I am an ambitious woman. It has taken me well over 30 years to truly realise this.
I have always mentioned being ambitious as one of my strengths on my CV. I have spoken about my ambition in interviews, but I have never truly witnessed my ambition in action. In the past it just seemed like the correct thing to say in order to effectively sell myself within the world of work.
Now, with the beauty of age and experience I can see for myself exactly what it is that makes me ambitious.
Take my career for instance. I’ve worked in various corporate roles over the years with a focus and love of marketing. I haven’t necessarily chased huge salaries and they certainly haven’t chased me, but I’ve plodded along faithfully seeking to build a secure life for myself.
When my children came along in quick succession, I took time out to raise them, this was especially true when my son came along. Fortunately, and looking back now it was indeed an answer to prayer, I was made redundant from my job, so the decision was made for me to stay at home and nurture my bubba’s and I’m thankful I was given the opportunity. I got to spend full, quality time with all three of my children for over two years.
Being at home with them made me realise that although I enjoyed being a stay at home Mum and being there for my children, The Lord had gifted me with qualities and talents that would enable me to help provide for my growing family and demonstrate to them that we have to work for the life that we want to live, especially if your circumstances dictate that two incomes would provide more stability than one.
I pondered these sentiments for many months, but didn’t make the decision to actually step out until I entered into the world of single motherhood. Because I was now truly on my own and as my children were older, massive childcare costs were no longer a contributing factor for my decision to stay at home. I had to stand fully on my own two feet and rebuild a life for my children and I. We moved back home with my wonderful parents who welcomed us with open arms and I set about piecing my life back together.
I began applying for voluntary work on the advice of my little sister and this proved invaluable. I was nervous about re-entering the world of work. I often thought to myself who would want to employ a single mother of three children who at the time were six years and under? But as we know friends the devil is a LIAR! So often we create barriers to our own success by conjuring up a wealth of ridiculous falsehoods which prevent us from claiming God’s best for our lives. I do it all the time and it is madness.
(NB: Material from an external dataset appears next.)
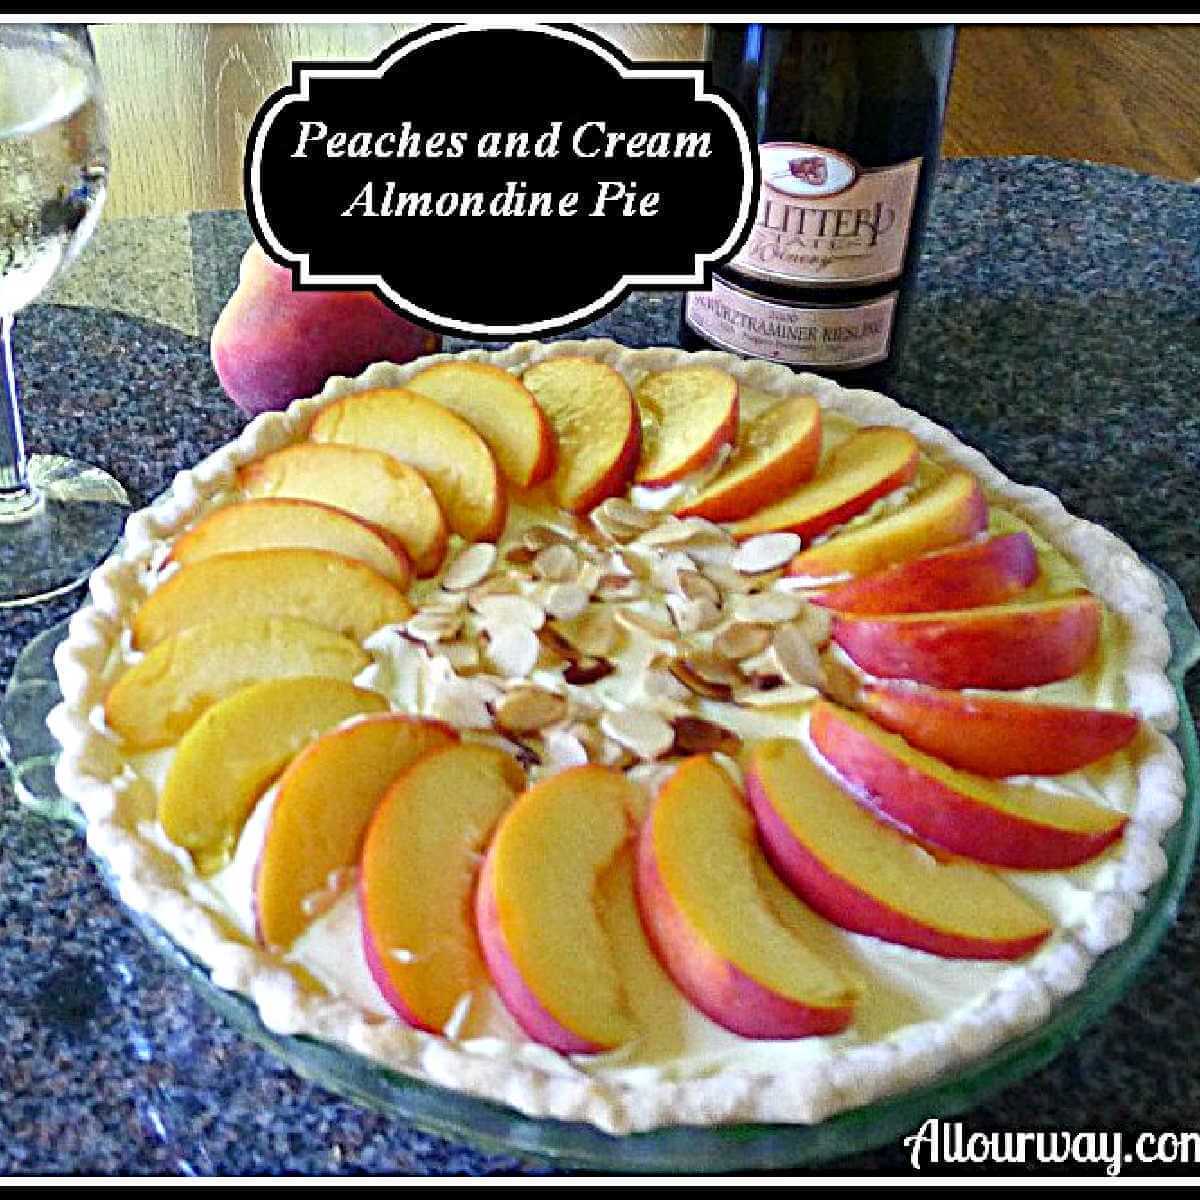 Peaches and Cream Pie with sliced peaches and shaved almonds on top.

As children of God we must always, always, ALWAYS look to the word of God to tell us who we are.
The Bible CLEARLY says:
‘I can do ALL things through Christ who strengthens me’ Philippians 4:13
‘Greater is He that is in me than he that is in the world’ 1 John 4:4
‘For God did not give us a spirit of fear, but of power and of love and a sound mind.’ 2Timothy 1:7
It is time, in fact it has ALWAYS been time to speak the word of God over our lives and into our situations. It’s time to renew our minds, walk in our anointing and live the full lives God has placed out before us. Hallelujah!
So I applied for a voluntary position at a Christian organisation and got it! My confidence, which was at an all time low, due to the end of my relationship and my broken heart was given a much needed BOOST! Praise God. It was whilst I was volunteering I came across a marketing position that was being advertised at this same organisation. I applied and a few weeks later I got called to an interview. Glory!
I was successful in the first round and was asked to compile a presentation for the second round. I was nervous, but quietly confident. Jehovah was with me. I presented to the Marketing Director, Marketing Manager and HR Director. I was pleased with my efforts and it seemed they were too. A few days later I got an email informing me I had got the job! Thank You Jesus!
My salary was the best I’ve ever earned and to top it all off it was within a organisation which aimed to glorify King Jesus and make His name known. Each morning we had meetings led by the Executive Board which began with a daily devotional and ended in prayer. I was amazed at what God was doing in my life.
Looking back maybe it was too much, too soon. I had to depend a lot on my Father, who is retired to look after my youngest, and watch my eldest two for the few hours between after school club and me getting home from work. My children’s father helped as much as he could, but as he had new family responsibilities and a job of his own to maintain, his assistance was of course limited.
Work colleagues would ask how I was able to work full time in a demanding role and still be able to raise three small children. I wondered about this myself, but I was convinced that it was the grace of God that was pulling me through. And it was.